Grade Inflation in Law Schools Borders on Ridiculous

Friday, June 25, 2010

To help make their graduates more attractive in a highly-competitive job market, and protect their own reputations, law schools across the country are inflating their grading systems. Schools taking this approach include Loyola Law School in Los Angeles, New York University, Georgetown, Golden Gate University and Tulane University. Similarly, UCLA, University of California Hastings College of the Law and the University of Southern California have made their grading curves more lenient.
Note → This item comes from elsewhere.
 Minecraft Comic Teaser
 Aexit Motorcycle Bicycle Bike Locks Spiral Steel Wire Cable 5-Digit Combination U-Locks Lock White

In July, Loyola Law School will add .333 points to each student’s grades, applied retroactively.

 
Some topnotch schools—Harvard, Stanford, Yale and University of California-Berkeley—have done away with grades altogether, replacing them with pass/fail systems. Writing in The New York Times, Catharine Rampell noted, “This new grading system also makes it harder for employers to distinguish the wheat from the chaff, which means more students can get a shot at a competitive interview.”
-Noel Brinkerhoff
 
In Law Schools, Grades Go Up, Just Like That (by Catherine Rampell, New York Times)

Comments

Ruth Carter 13 years ago
I absolutely support law schools doing away with grades and making everything pass/fail, with an option to give honors to students in the top 10% in a given subject area. This will make it harder for employers to differentiate between job applicants; however it will put the pressure on law students to distinguish themselves: bit.ly/agAp3V.